DATA SEGMENT
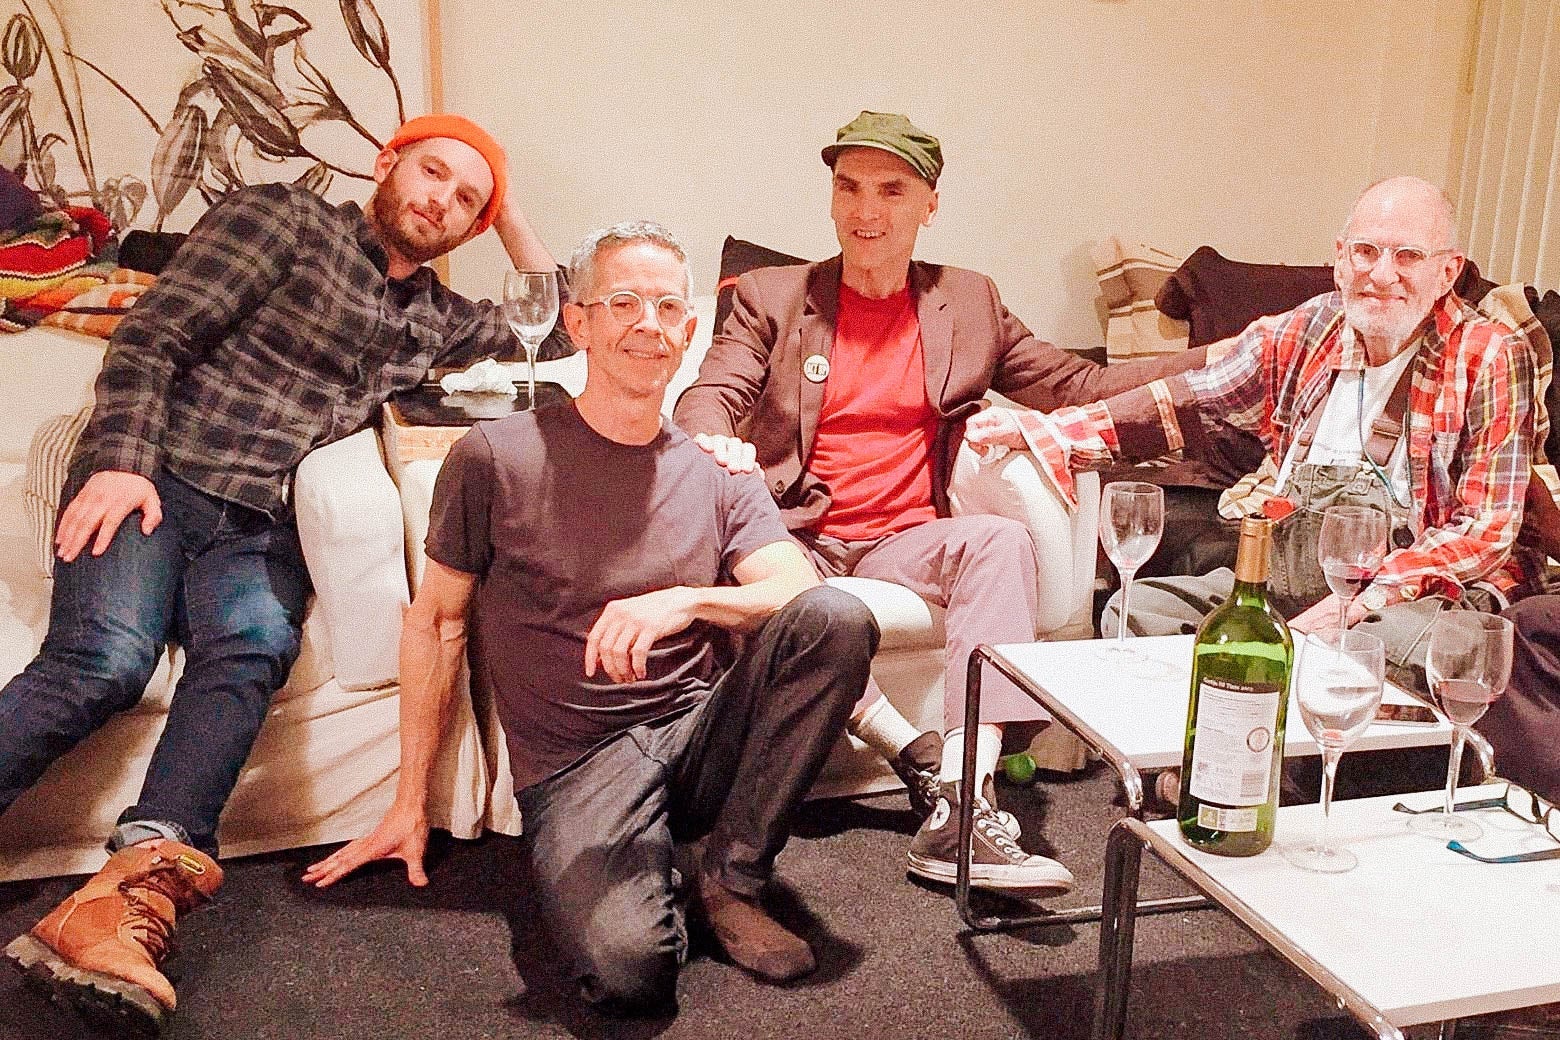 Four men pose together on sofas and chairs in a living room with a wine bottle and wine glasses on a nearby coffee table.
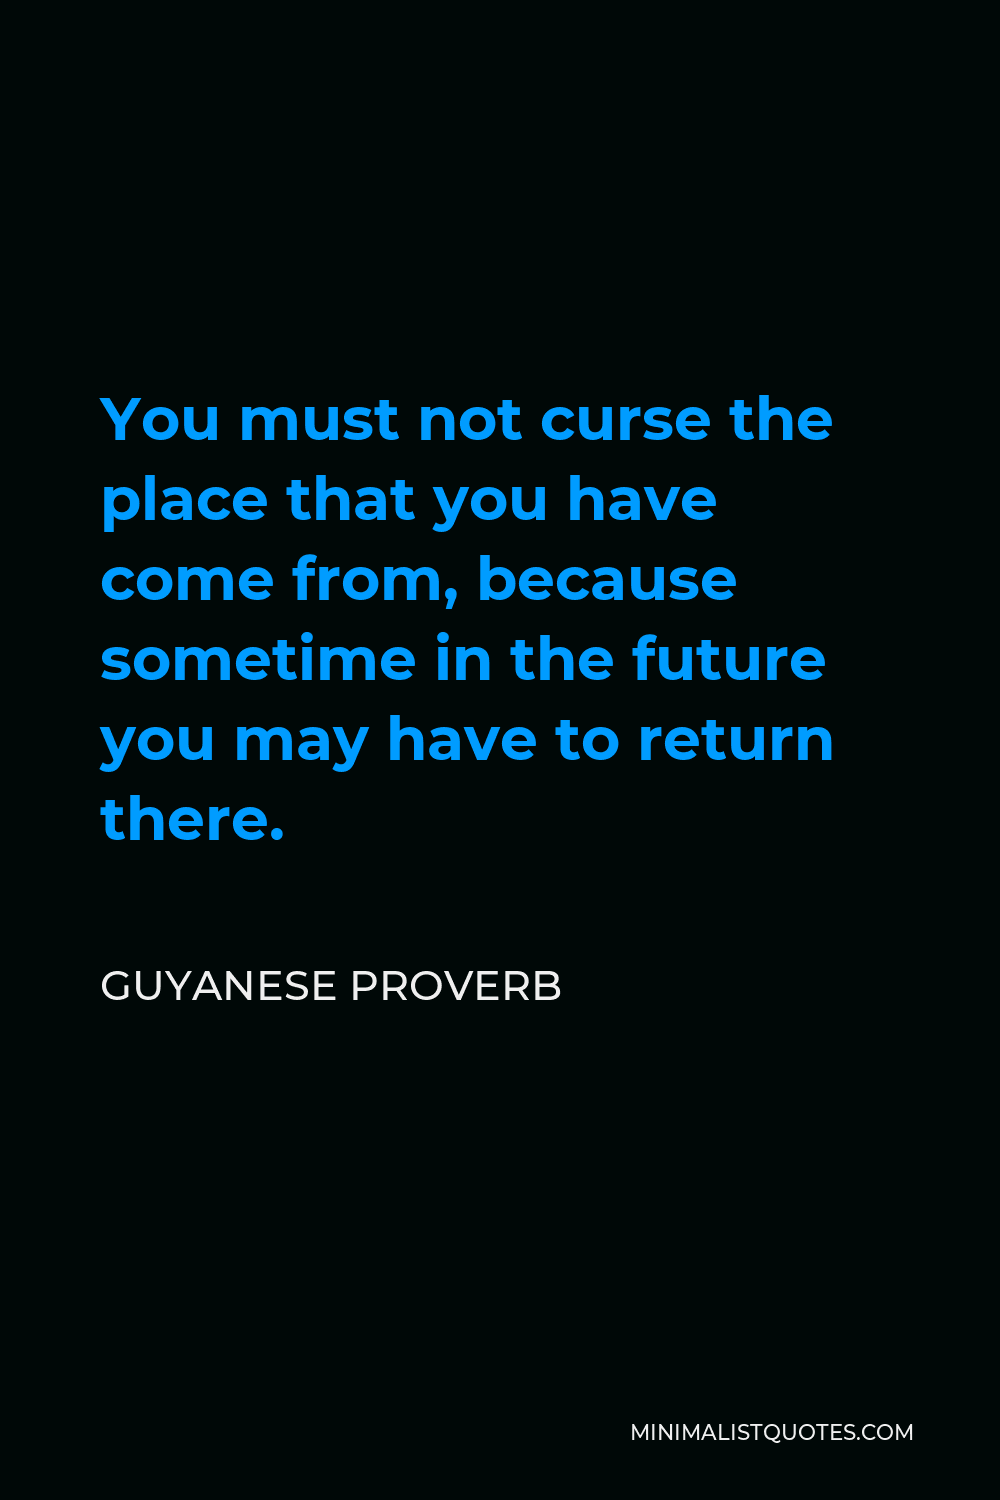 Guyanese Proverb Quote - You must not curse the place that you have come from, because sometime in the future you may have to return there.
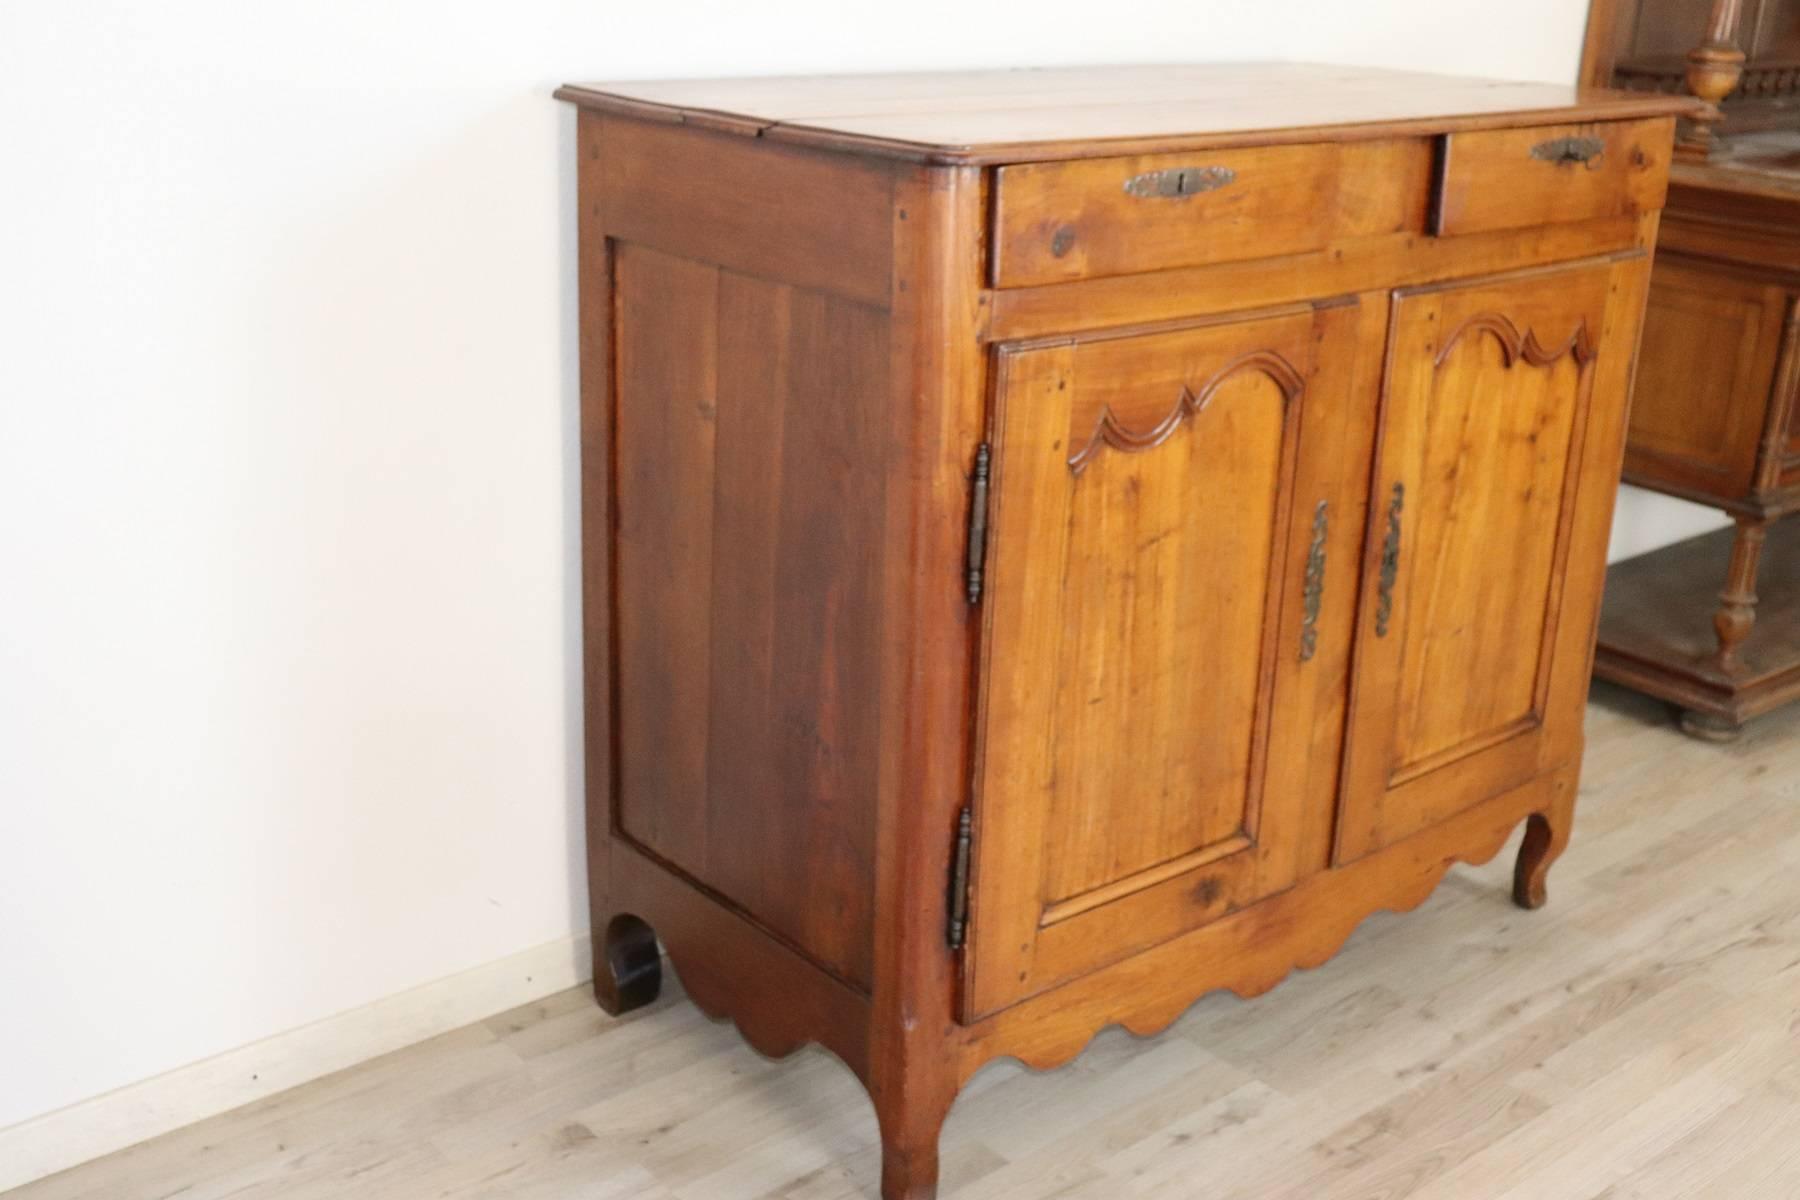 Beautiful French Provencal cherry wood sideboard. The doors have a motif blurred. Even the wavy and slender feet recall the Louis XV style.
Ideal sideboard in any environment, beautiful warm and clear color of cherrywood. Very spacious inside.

YOUR ASSIGNMENT
Reproduce the listing above exactly, excluding all pictures.

SOLVED PROBLEM
 Four men pose together on sofas and chairs in a living room with a wine bottle and wine glasses on a nearby coffee table.
 Guyanese Proverb Quote - You must not curse the place that you have come from, because sometime in the future you may have to return there.
 Beautiful French Provencal cherry wood sideboard. The doors have a motif blurred. Even the wavy and slender feet recall the Louis XV style.
Ideal sideboard in any environment, beautiful warm and clear color of cherrywood. Very spacious inside.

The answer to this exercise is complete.